-- DIRECTIONS --
Repeat the span of the entries below that starts at the line with "Acer Spin 1 sp111-32n." and ends at the line with "The $28 Mongolian", nothing more. Skip the pictures.

----- GIVEN DATA

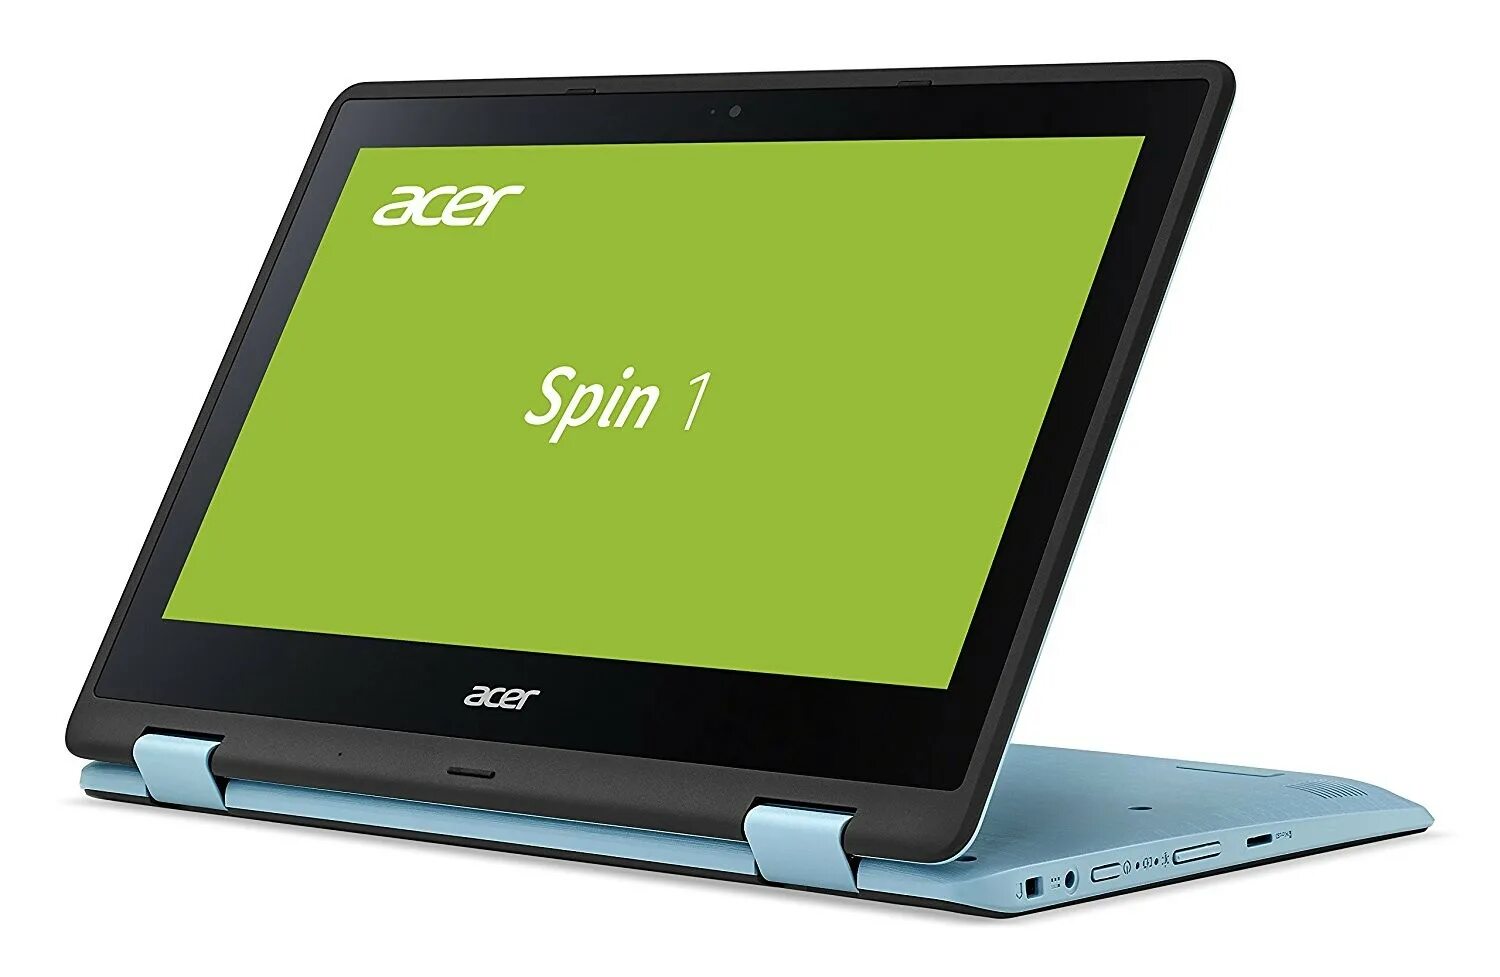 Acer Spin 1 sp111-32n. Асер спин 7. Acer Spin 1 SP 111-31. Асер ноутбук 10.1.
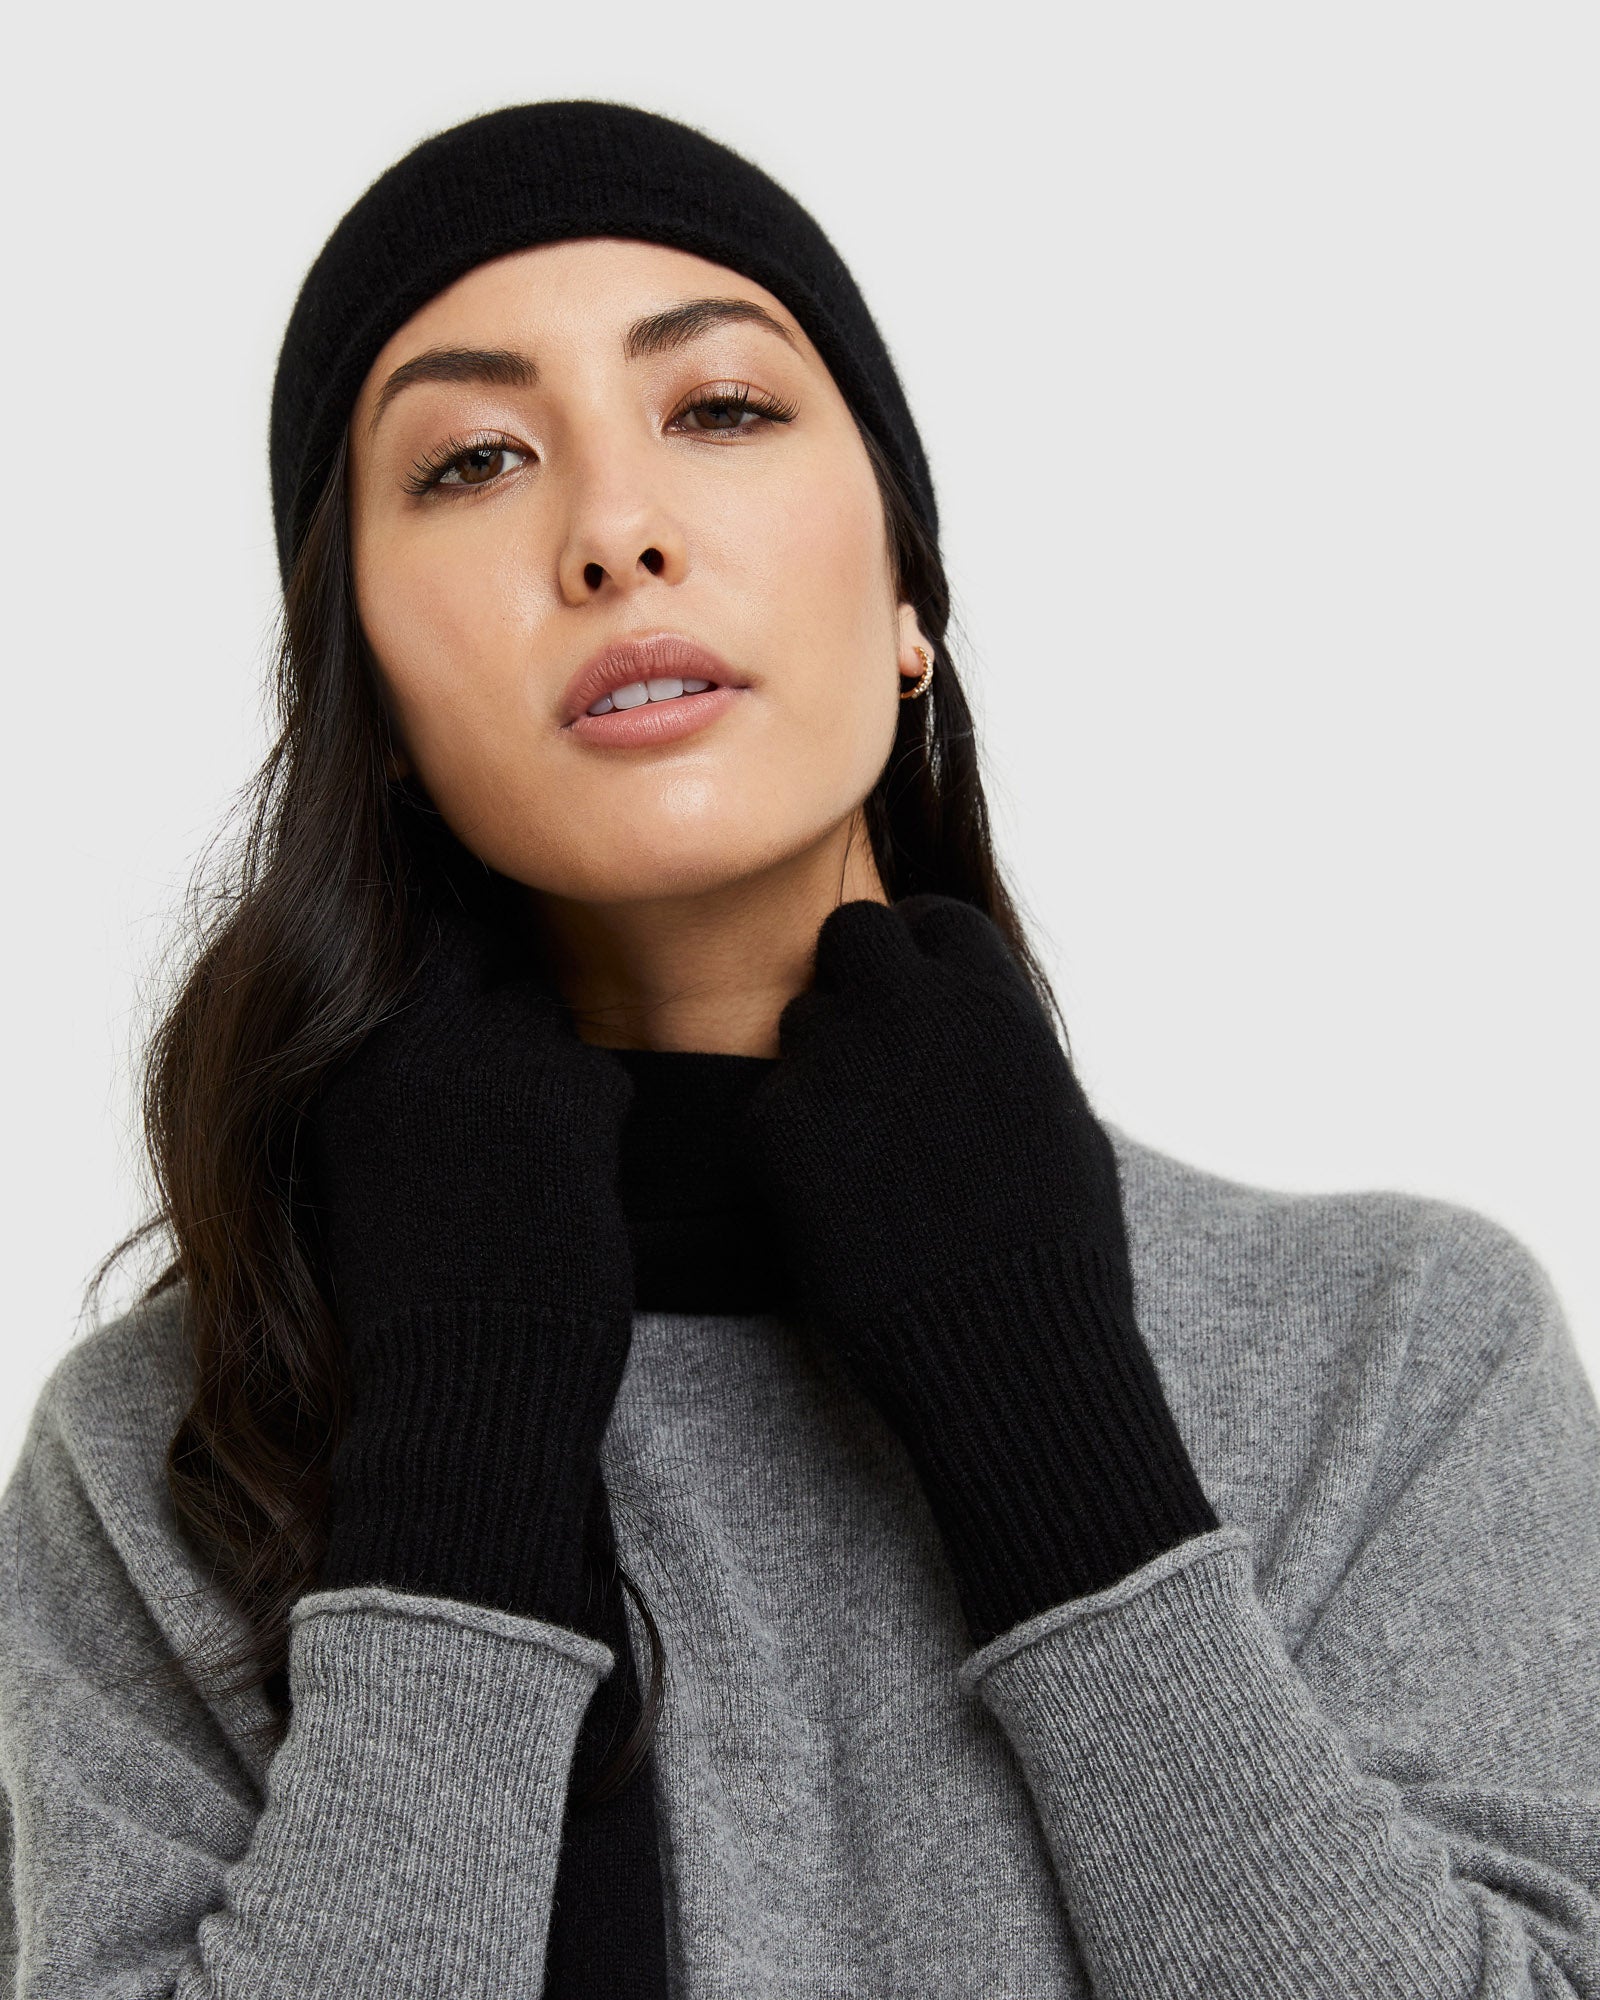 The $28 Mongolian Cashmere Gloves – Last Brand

----------
----- GIVEN DATA

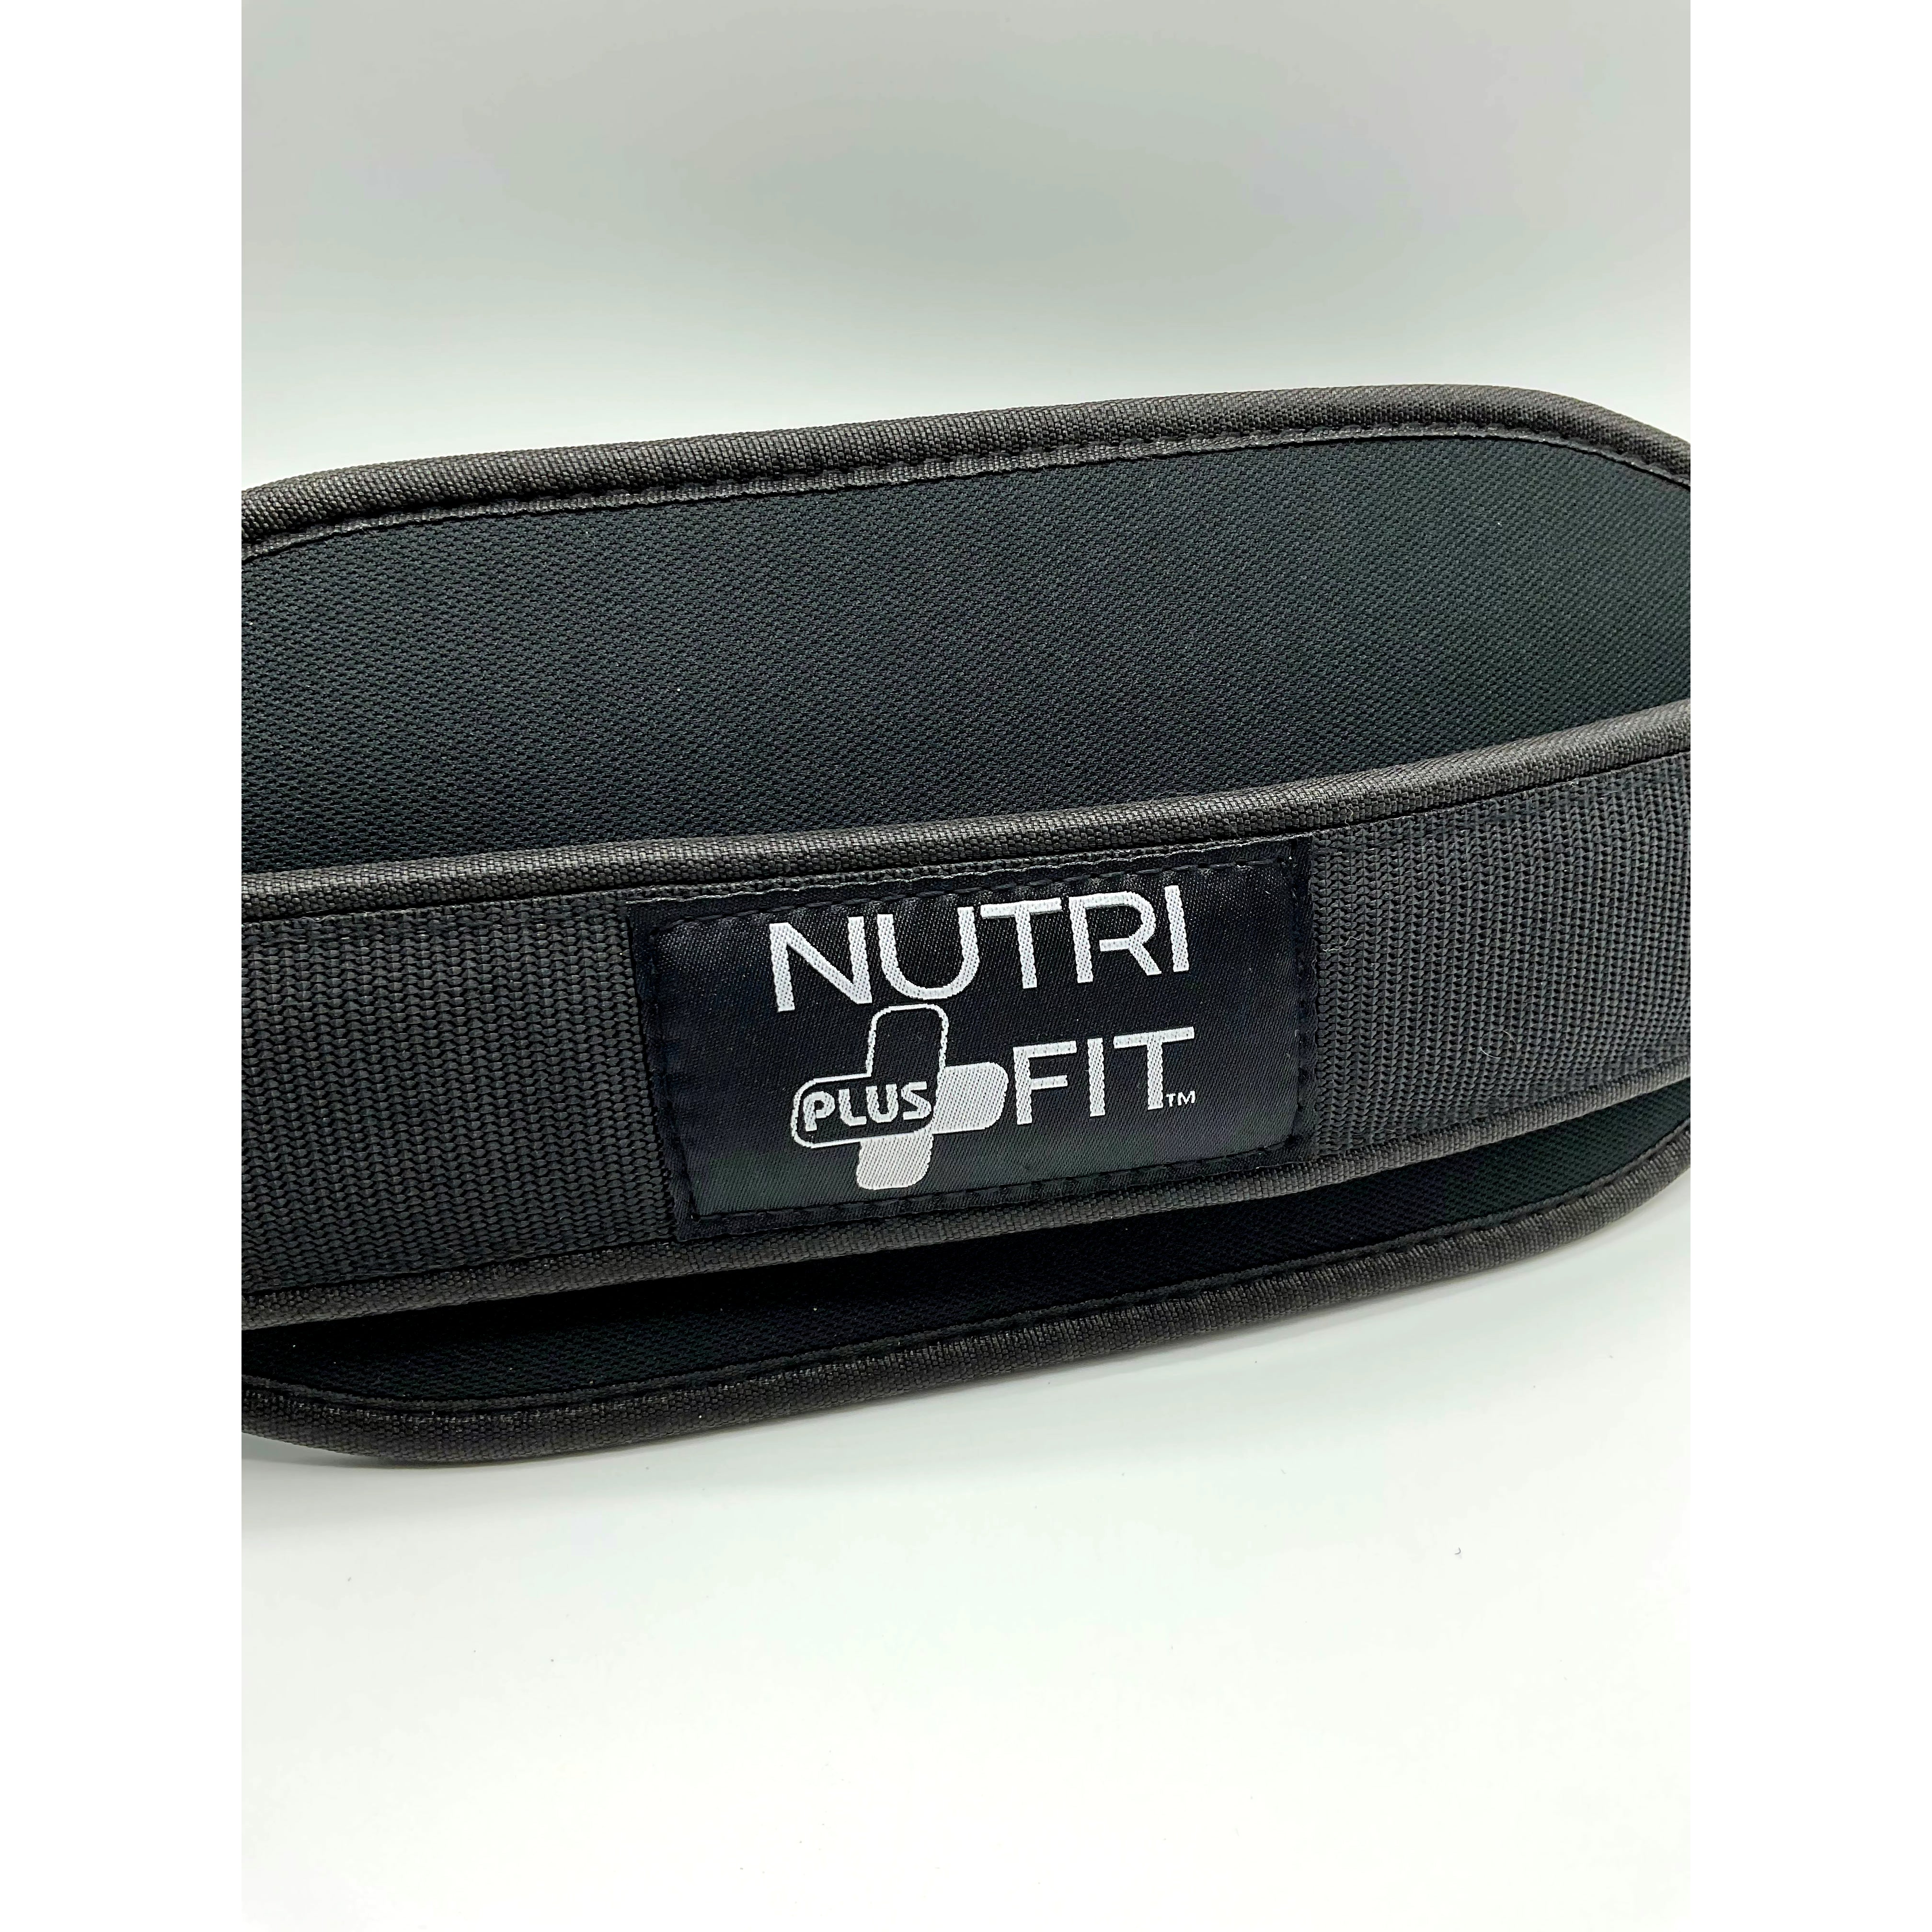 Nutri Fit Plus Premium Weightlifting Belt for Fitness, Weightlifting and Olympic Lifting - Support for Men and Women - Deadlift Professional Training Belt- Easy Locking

----------

-- ANSWER TO THE PROBLEM --
 Acer Spin 1 sp111-32n. Асер спин 7. Acer Spin 1 SP 111-31. Асер ноутбук 10.1.
 The $28 Mongolian Cashmere Gloves – Last Brand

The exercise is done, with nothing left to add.